Treasury bond yields hit historic lows over the summer as speculation about whether Federal Reserve would embark on another round of quantitative easing kept investors on edge. The Fed eventually announced the extension of its Operation Twist maturity extension program through the end of the year as well as an open-ended, mortgage-backed securities purchasing program in mid-September.

While the yield on the 10-year Treasury has bounced back over the past few months, it still remains solidly below 2%, and that's pushed many investors into lower credit quality corporate bonds, according to Jeffrey Sica, chief investment officer of SICA Wealth Management.

"First of all, people have become extremely hungry for yields, so they've moved to lower credit quality bonds in order to get yields," said Sica. "So they've put themselves in the position of taking on more risks just to achieve yield."

Many bond analysts have said it's difficult to draw any conclusions about what will happen to bonds after the election, as any prediction has to be multi-pronged: Forecasting not only who will win the presidential election but also how the make-up of Congress shapes up and what deals will get done in order to address the fiscal cliff.

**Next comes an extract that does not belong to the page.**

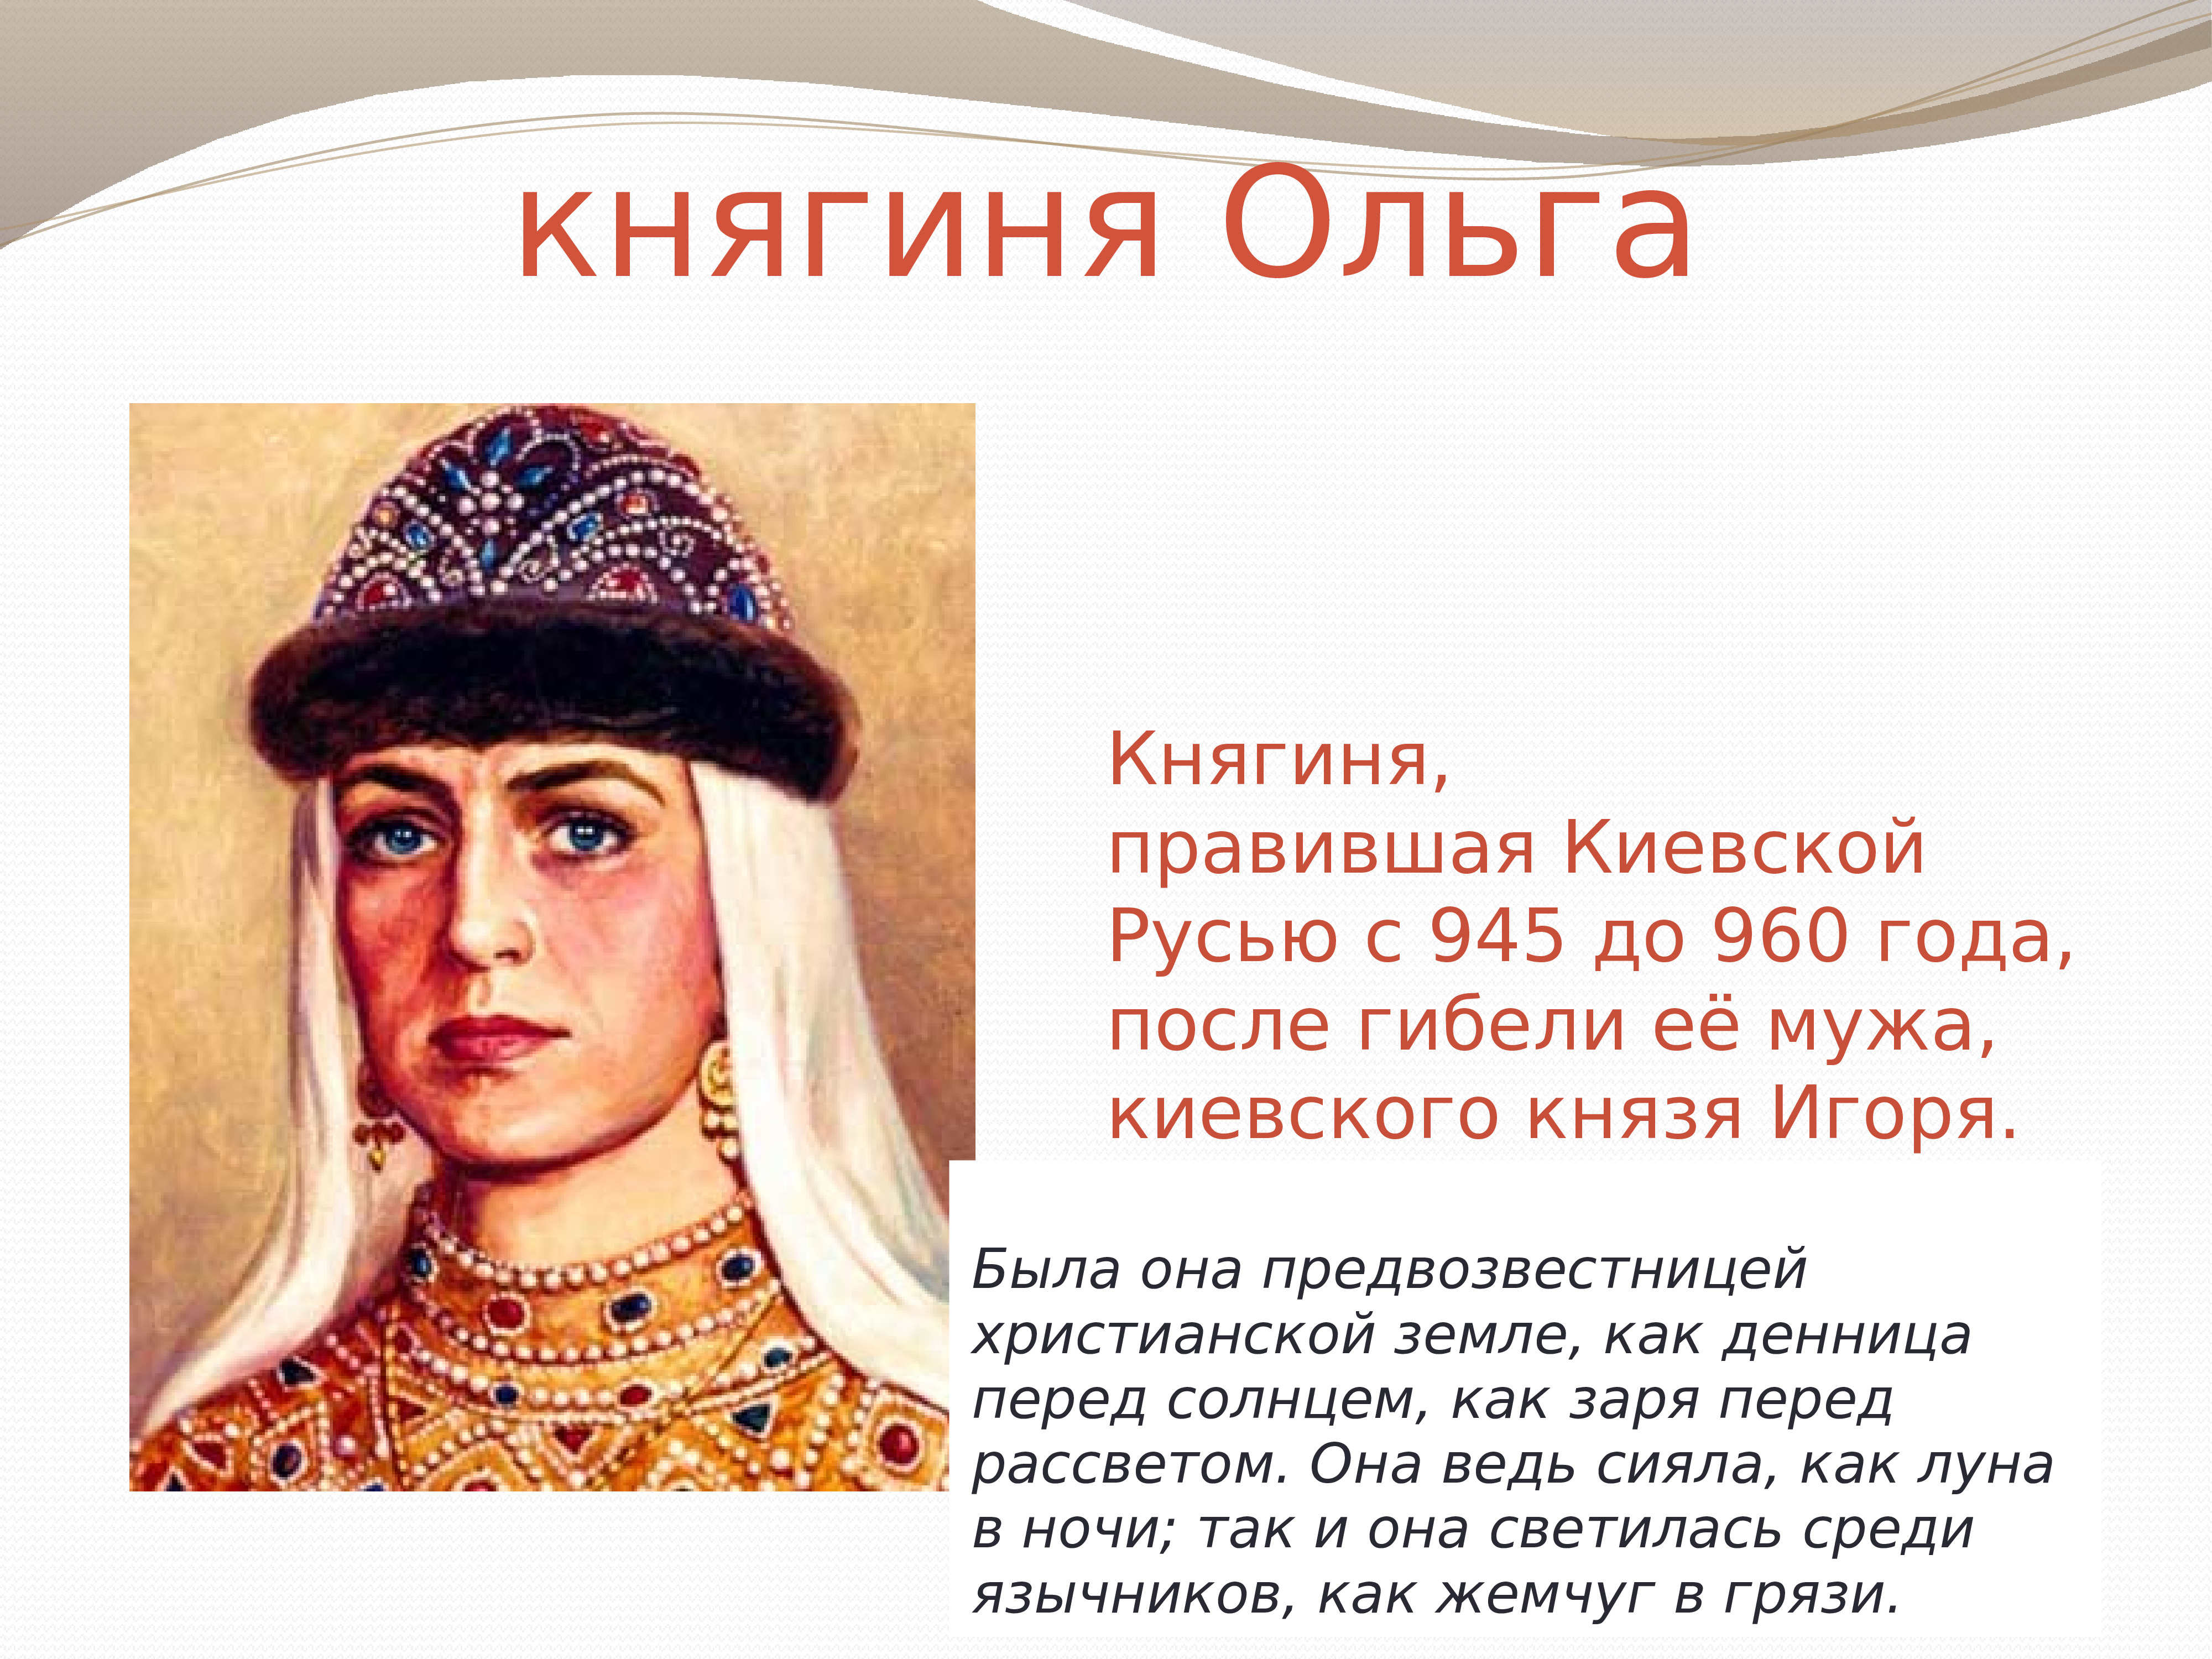 Ольга жена князя Игоря

Here are a few scenarios that could play out:

In the event of a Barack Obama victory, investors should be able to trust that the Fed will be little changed. Fed Chairman Ben Bernanke's second term runs through Jan. 31, 2014. Unlike Mitt Romney, Obama has not expressed any intention to remove Bernanke before that date.

Pertaining to central bank policy, Bernanke and the Fed have committed to continue open-ended quantitative easing until the economy and the labor market not only improve significantly and also show an ability to maintain that momentum for an extended period of time. The bank has not been more specific about how long.

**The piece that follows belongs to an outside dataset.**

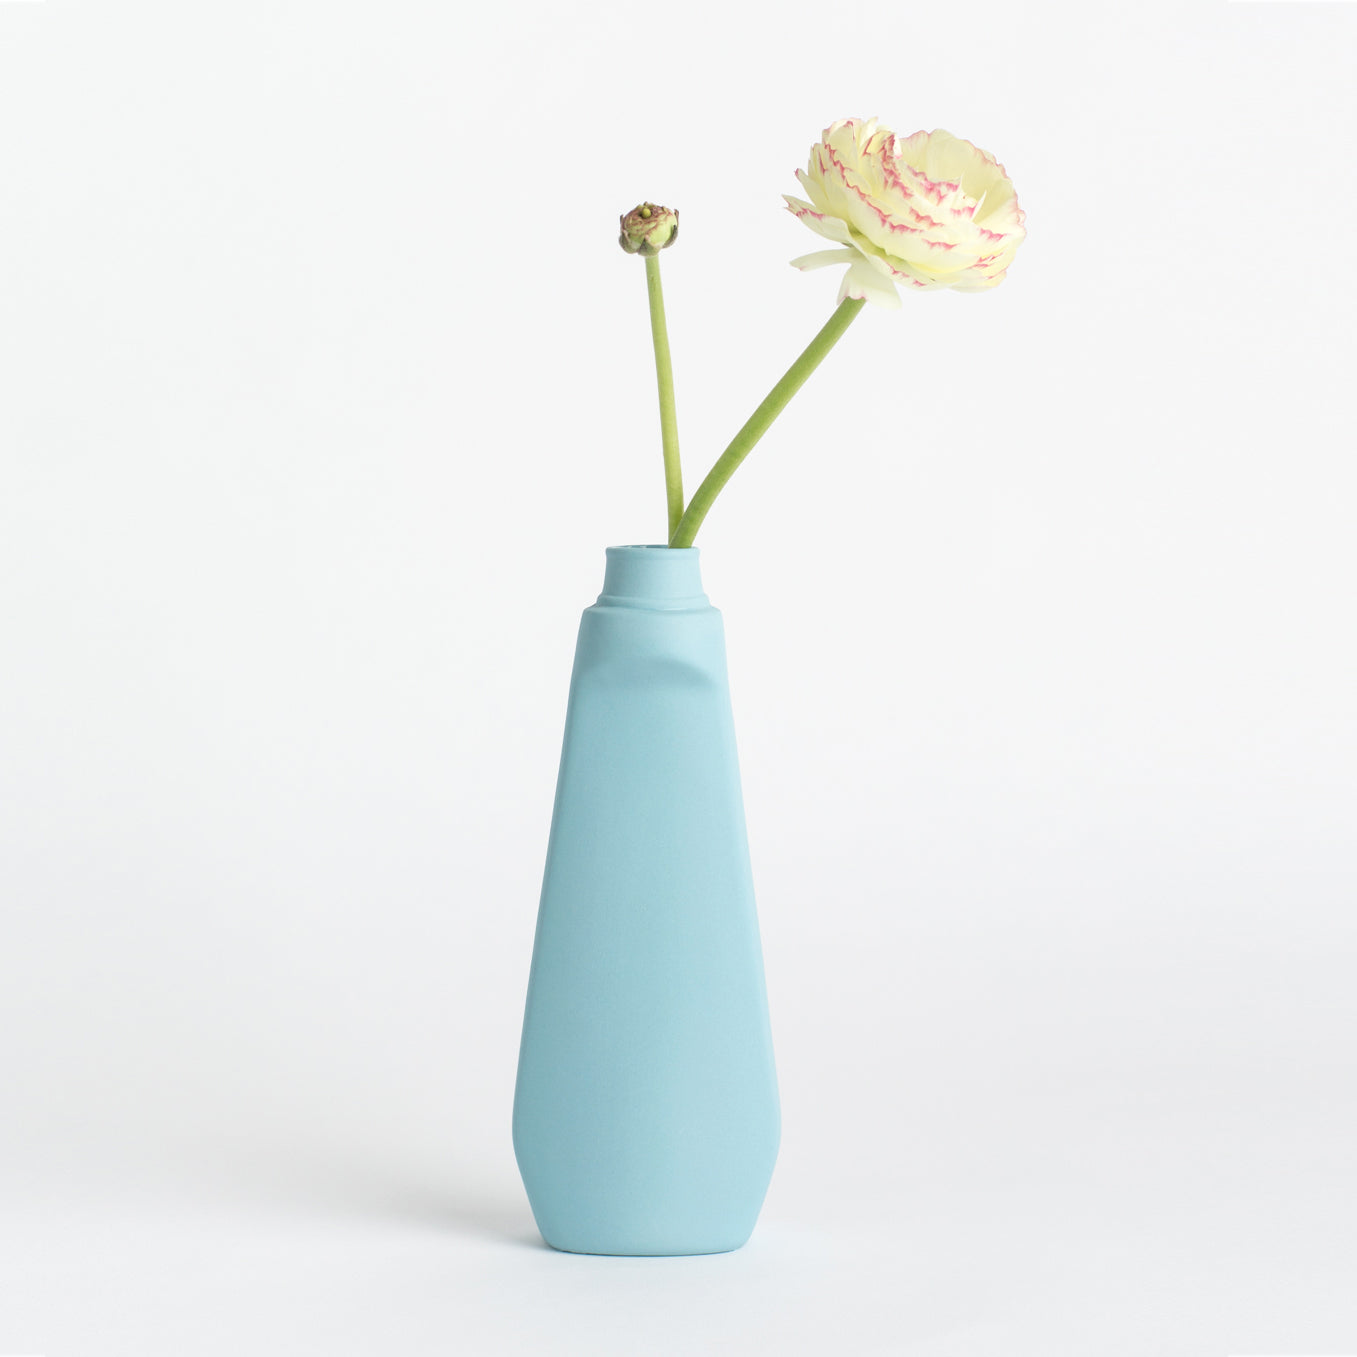 Porzellan-Vase #4 von Foekje Fleur bei Wilhelm die 3.

This means the Fed's efforts will continue to keep a lid on Treasury yields for the foreseeable future and likely push more investors toward other investments, such as stocks and corporate bonds.

A Mitt Romney victory, on the other hand, would leave investors with a lot of questions.

Romney has said he would remove Bernanke as Fed chairman if he wins the presidency. The former Massachusetts governor has also expressed a lack of enthusiasm for monetary stimulus, so the fate of quantitative easing would be left in doubt.

In addition, Romney has promised to rein in spending, and his policies have seemed to favor less central banking activity and less bond buying, which could begin to boost the yield in treasuries and eventually lead investors back into higher quality credit treasury bonds. Analysts aren't sure how long, though, a massive move like this would take.